In his haunting second novel, Birds in Fall, Brad Kessler once again explores the affects of disaster and death on the people left behind.

 

One September night, a plane crashes into the Atlantic off the coast of Nova Scotia killing all of its passengers including Russell, a New York ornithologist, a Bulgarian cellist, a young Iranian girl, a Dutch couple, and a Taiwanese expatriate. Their families descend upon Trachis Island, seeking answers, hoping against the odds that their loved ones will still be rescued, mourning when that hope proves futile. Kevin Gearns, who witnessed the crash from his garden, shelters the families at his island inn. Kevin is still grieving from his own past and is steadily growing apart from his partner.

 

However, the story centers on Ana, the wife of Russell, and herself an ornithologist who studies the migratory patterns of birds.
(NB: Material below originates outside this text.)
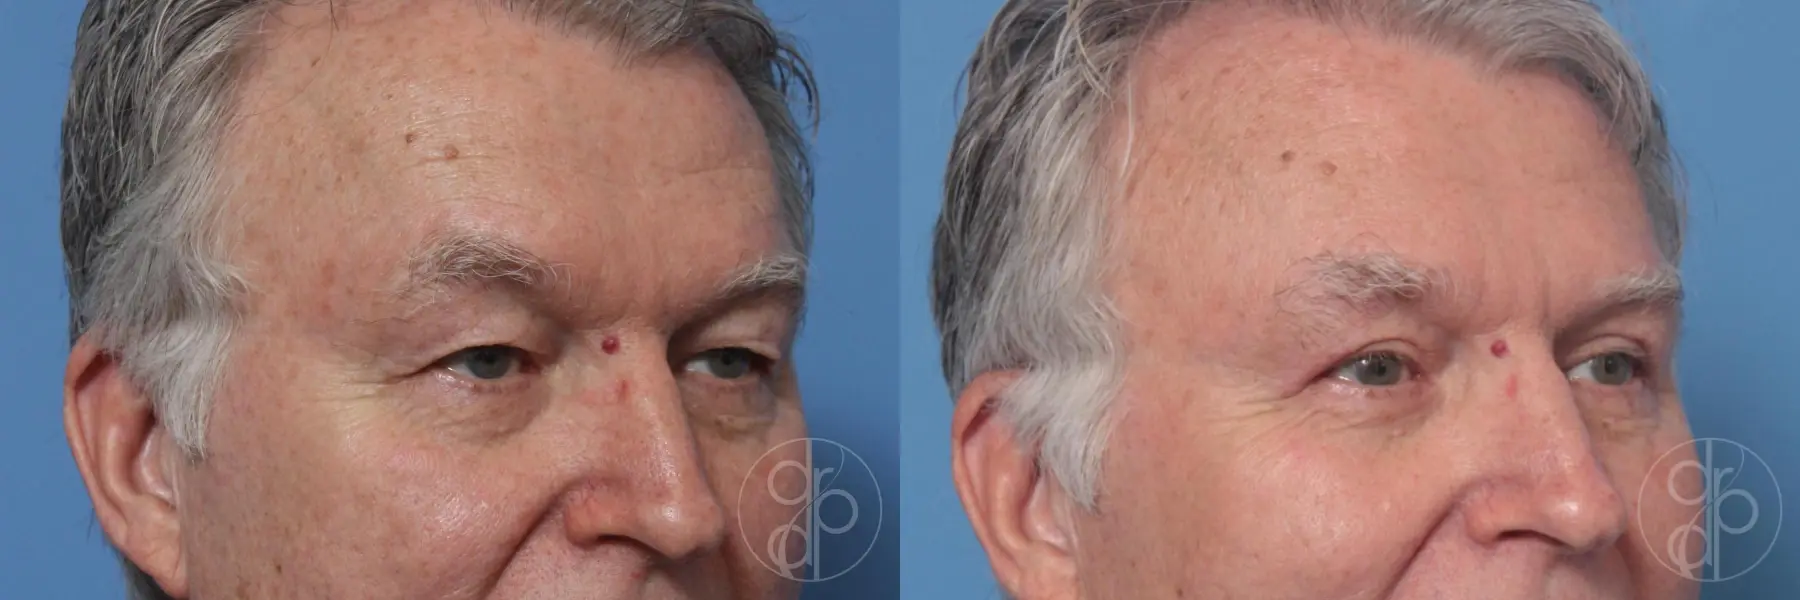 patient 10268 blepharoplasty before and after result - Before and After 2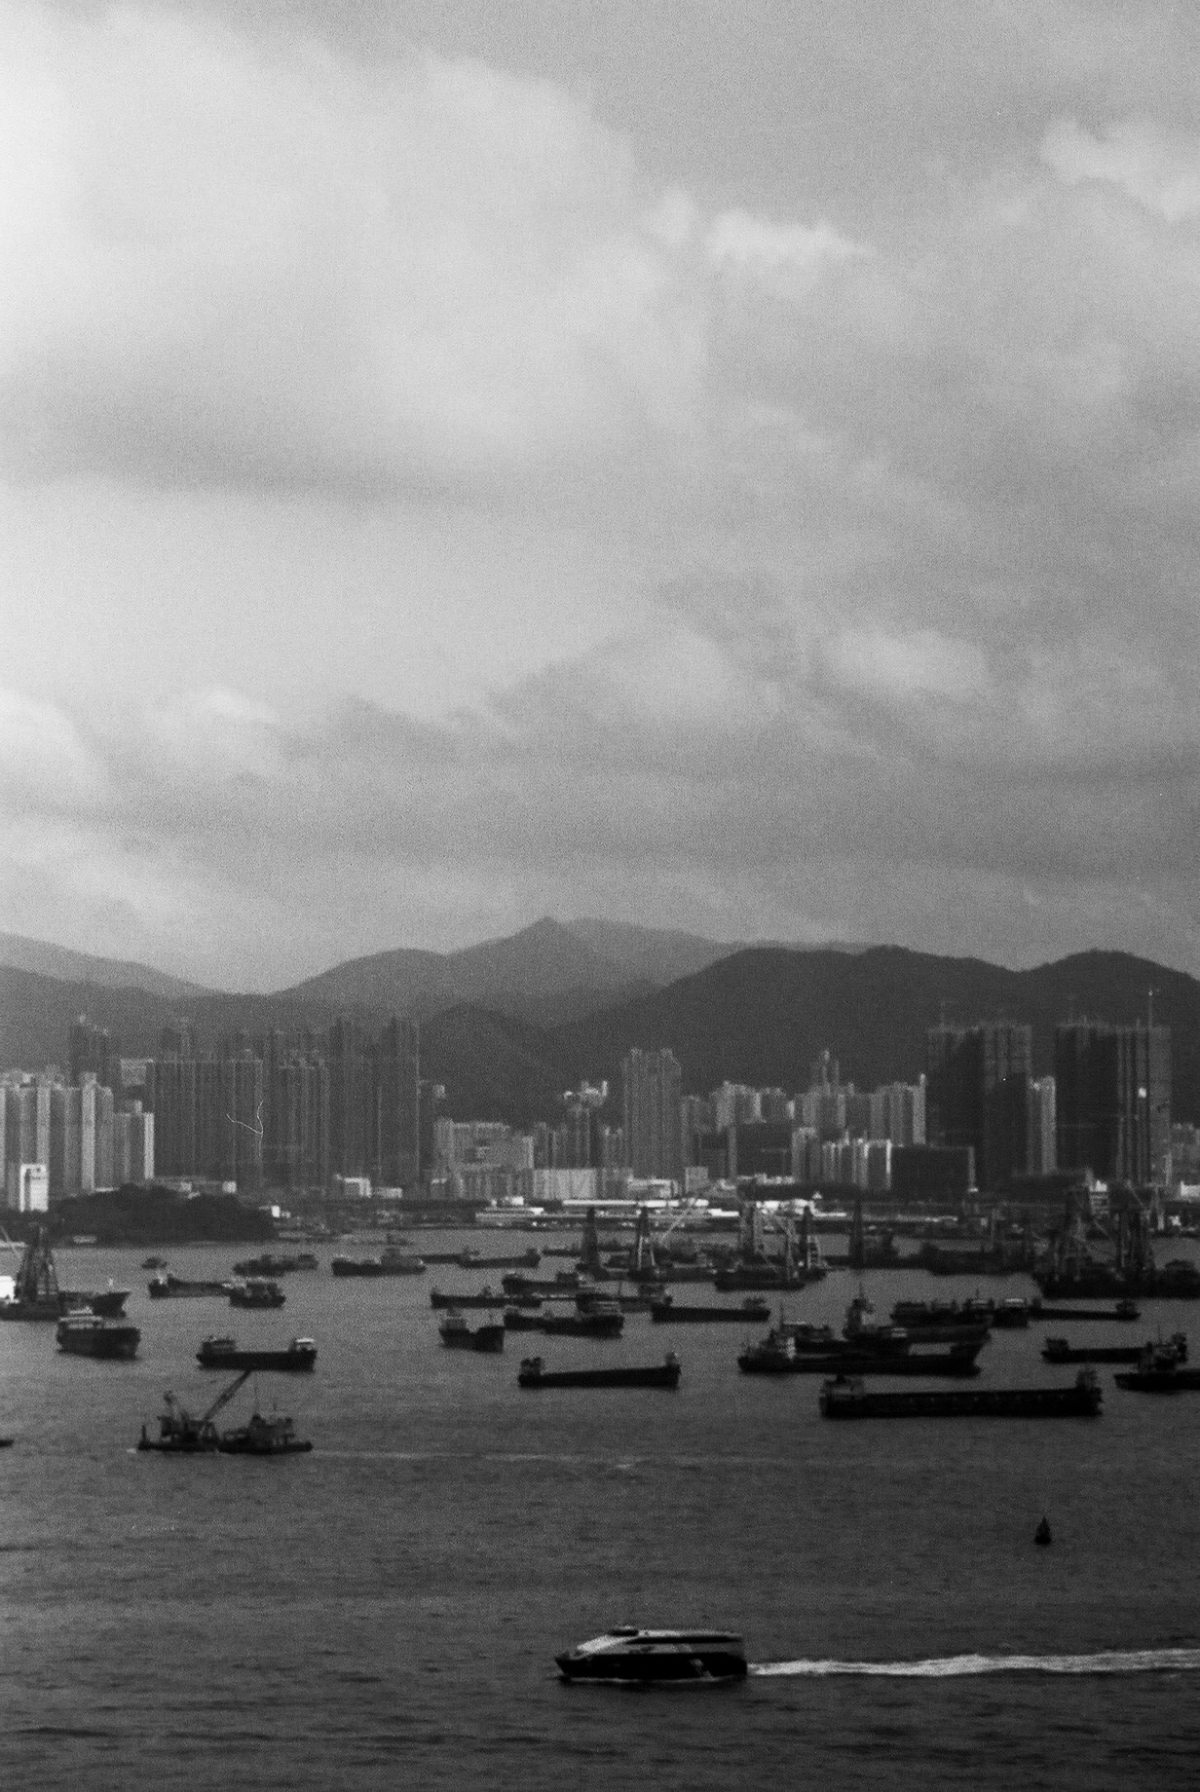 Safe harbour - Shot on ADOX Silvermax 100 at EI 100. Black and white negative film in 35mm format.

The reader is offered glimpses into the despair and grief of other individuals as well, their anger and sorrow over an event that has irrevocably changed their lives. We witness the different ways each person deals with those emotions. The inn is a cocoon, a temporary sanctuary apart from the world, a place that offers comfort long after those days immediately following the crash.

 

Kessler deftly weaves myth and spiritual traditions into his story, exploring how we find meaning and solace in the face of terrible loss. Even the particulars of avian migration are given a singular poignancy, resonating within the surrounding human story. Kessler’s lyrical storytelling transforms what could have been a harsh, bleak account into an exquisite dance of grief and love. This atmospheric tale is to be savored and will linger with the reader long after the last page is turned.